Exercise prompt: Would you return the data below exactly as it stands, with every picture left out?

Given material:
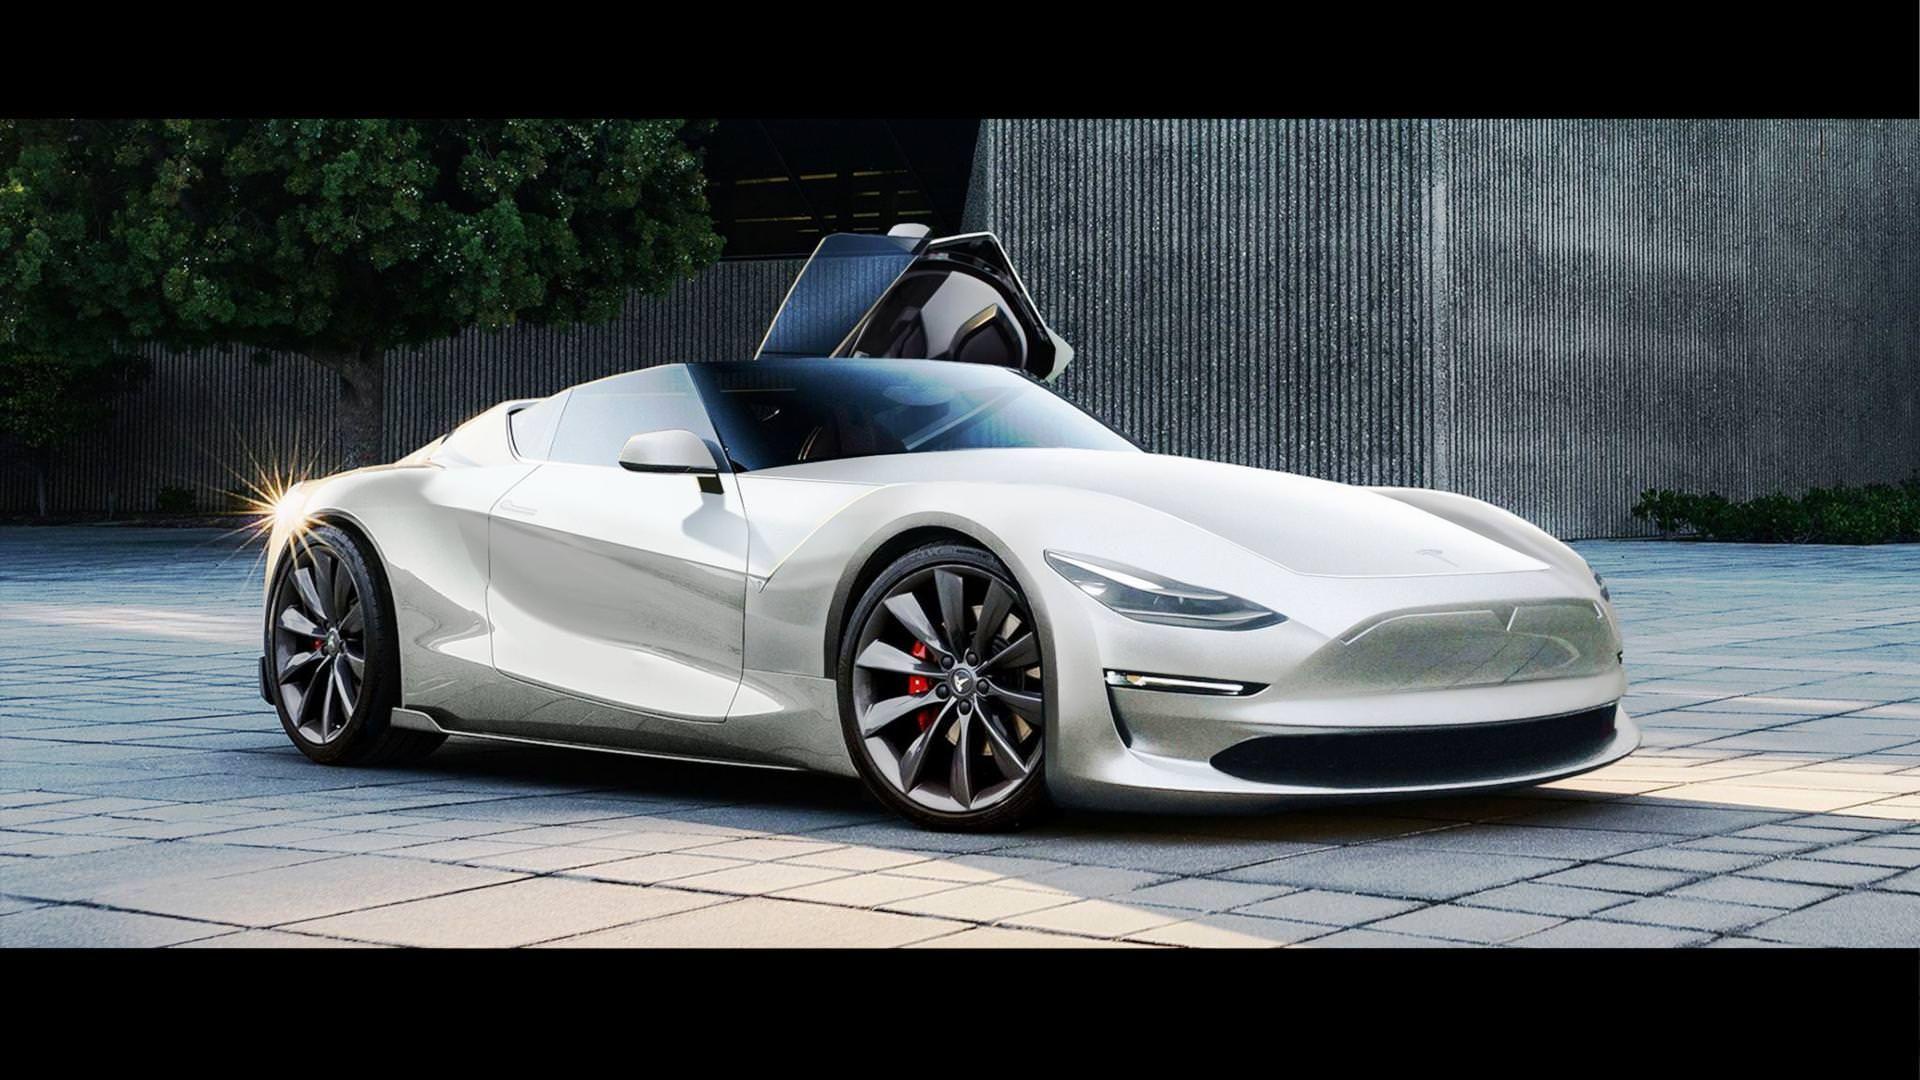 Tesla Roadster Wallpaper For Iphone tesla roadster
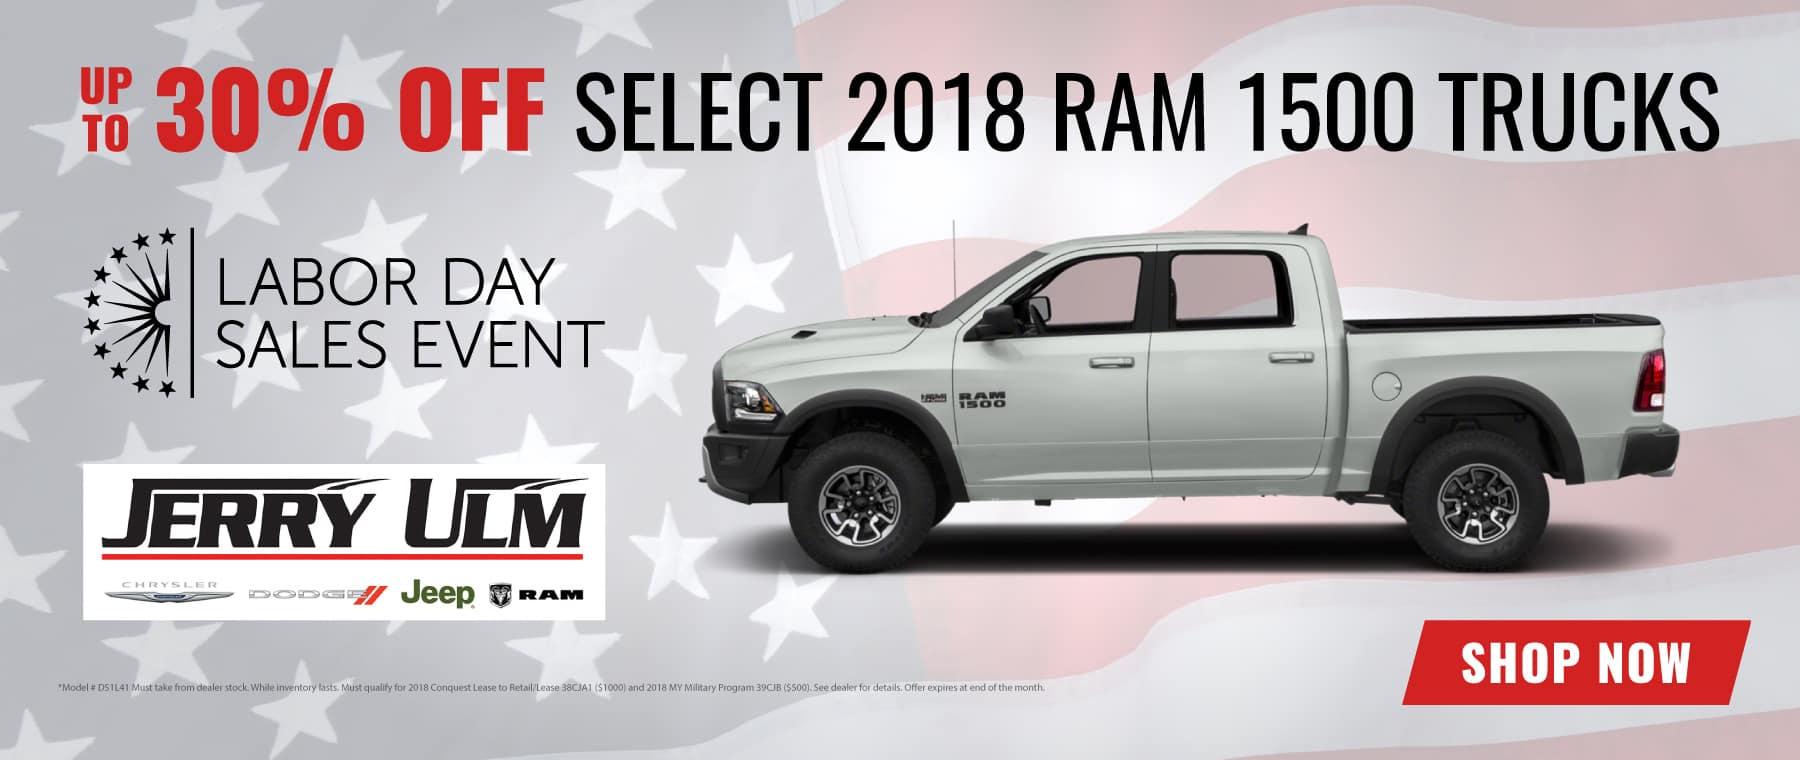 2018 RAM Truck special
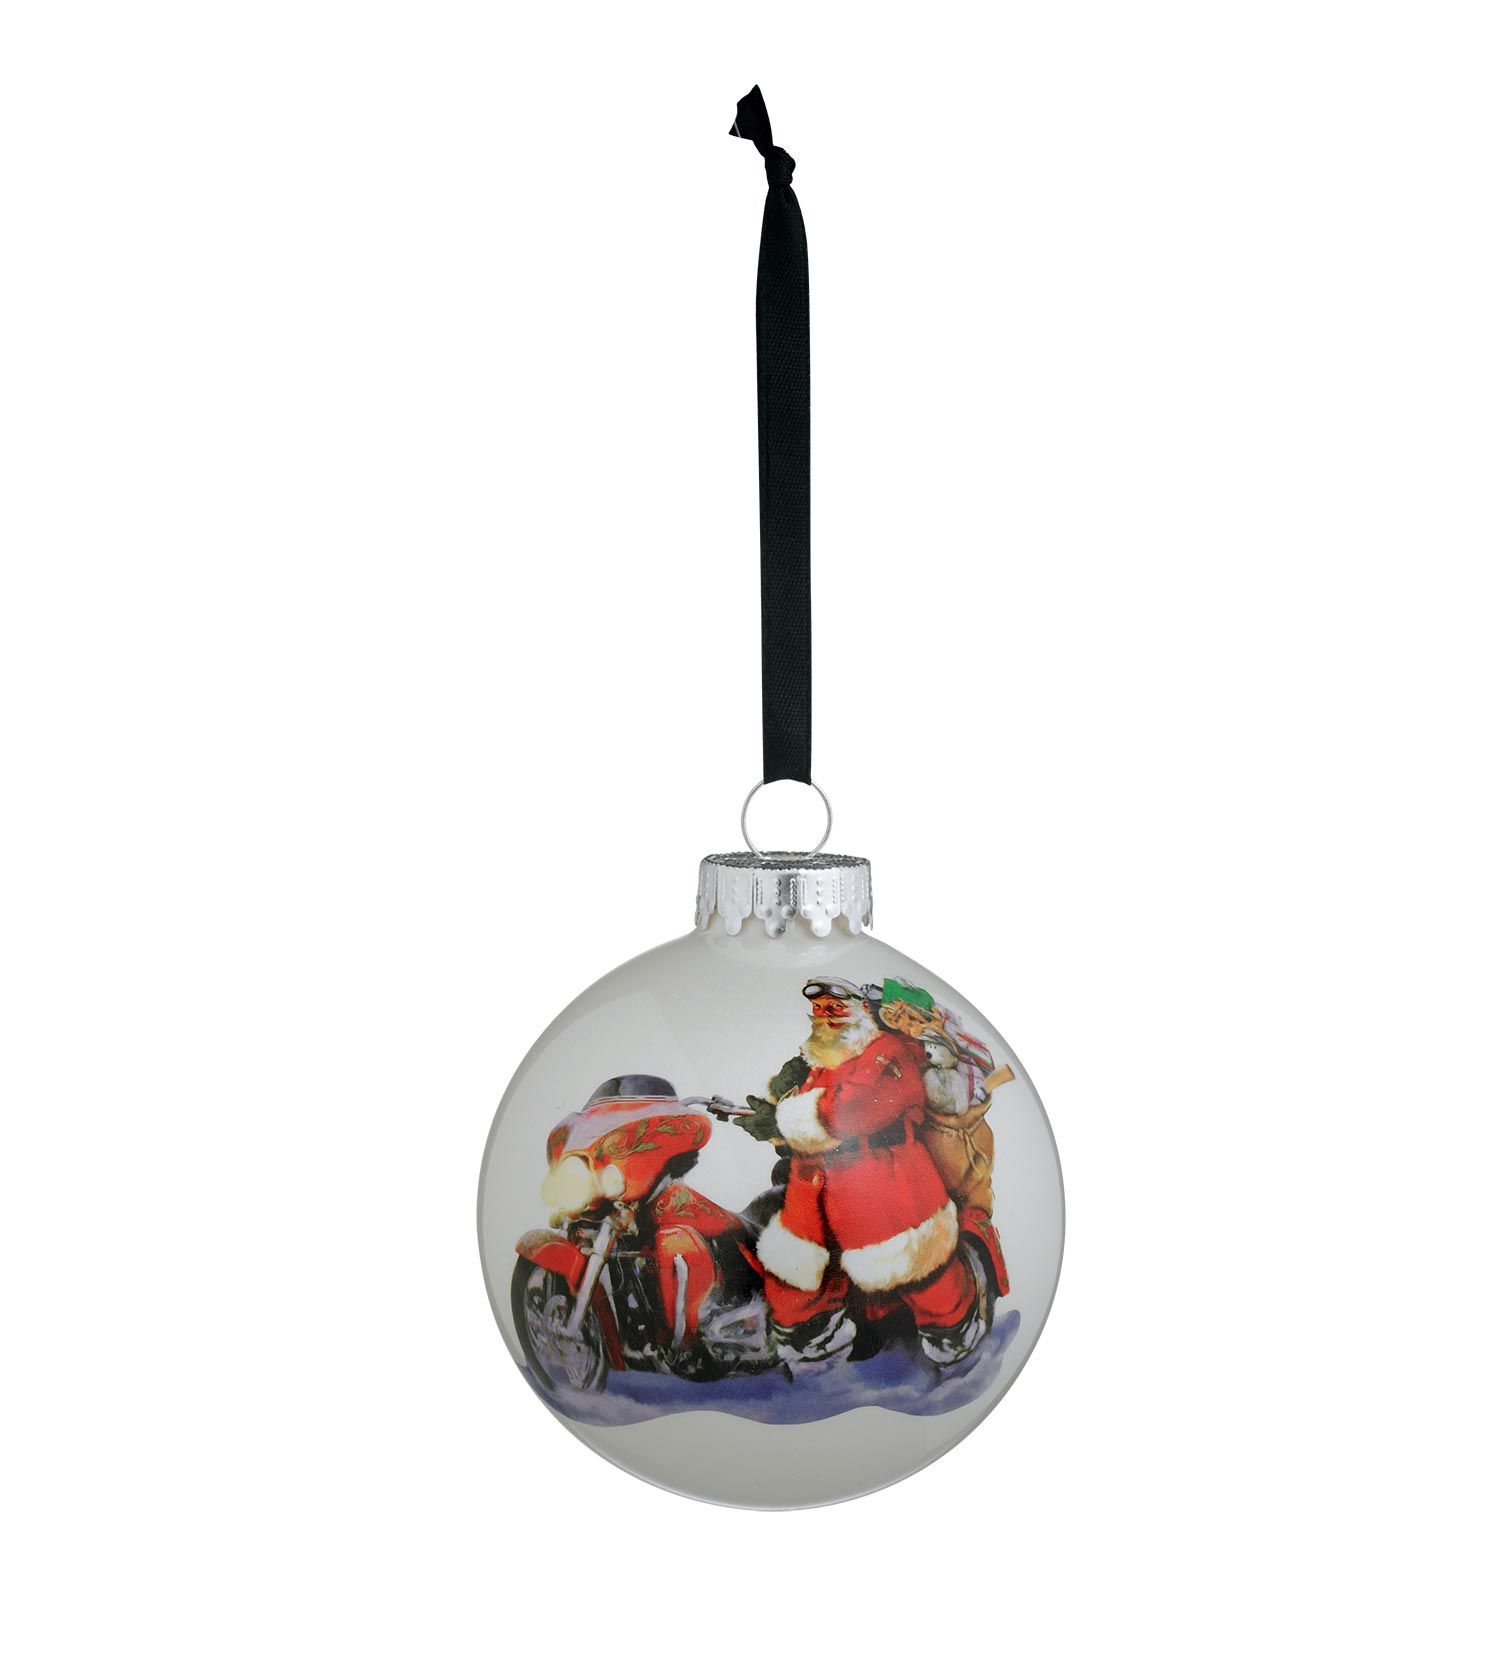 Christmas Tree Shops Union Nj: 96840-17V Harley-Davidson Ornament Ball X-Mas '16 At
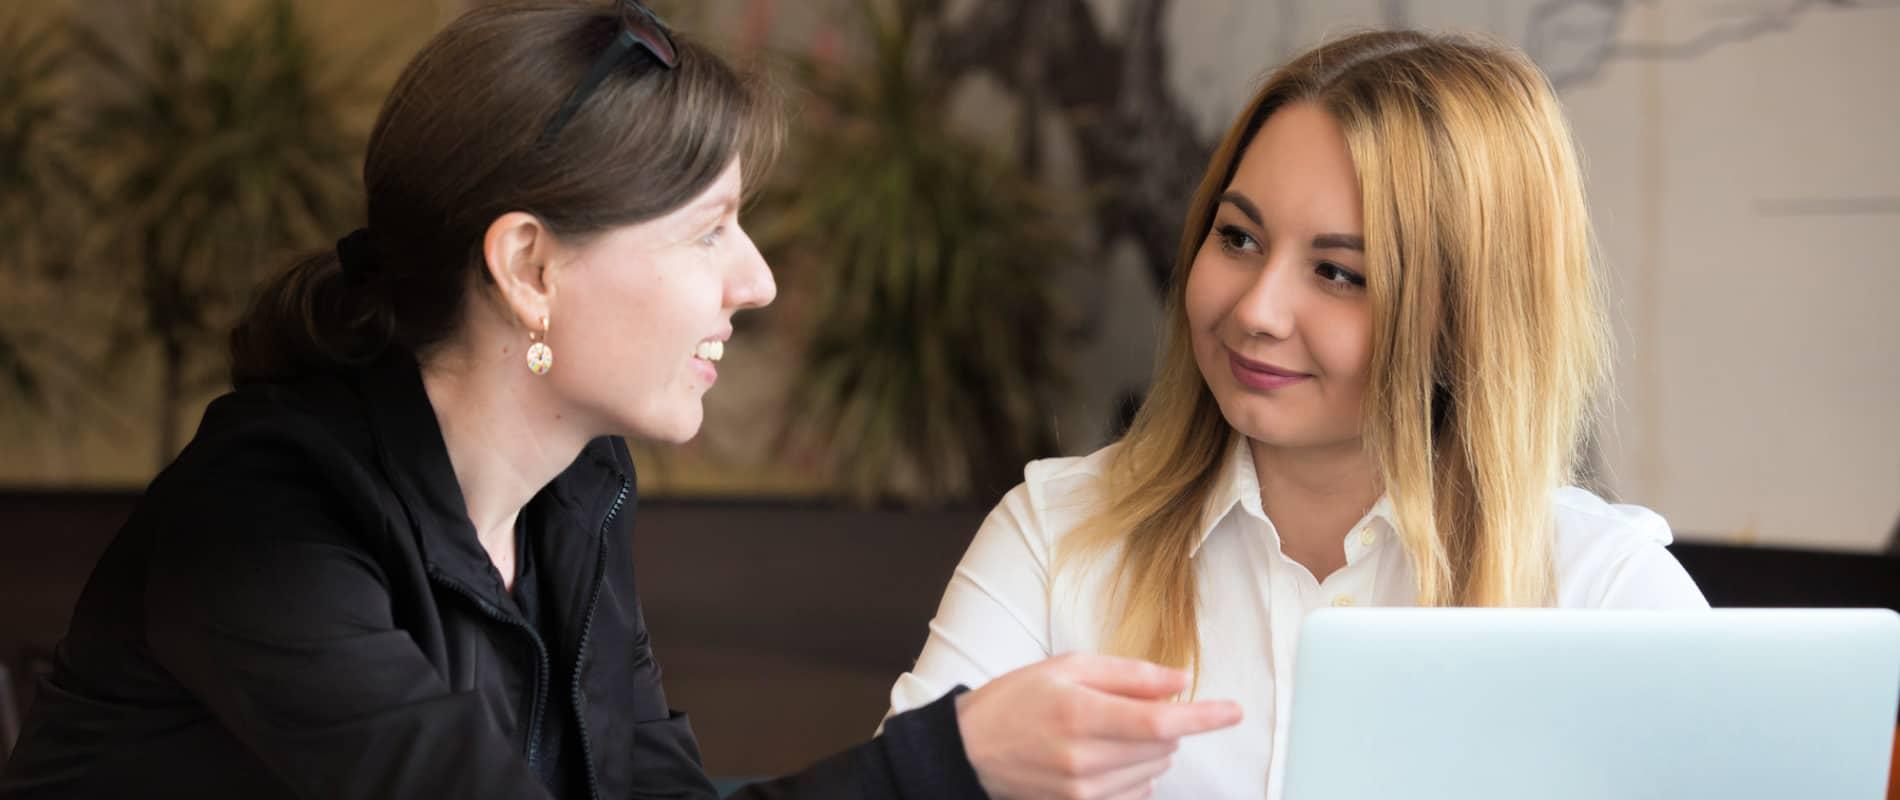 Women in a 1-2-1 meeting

Solution:
 Tesla Roadster Wallpaper For Iphone tesla roadster
 2018 RAM Truck special
 Christmas Tree Shops Union Nj: 96840-17V Harley-Davidson Ornament Ball X-Mas '16 At
 Women in a 1-2-1 meeting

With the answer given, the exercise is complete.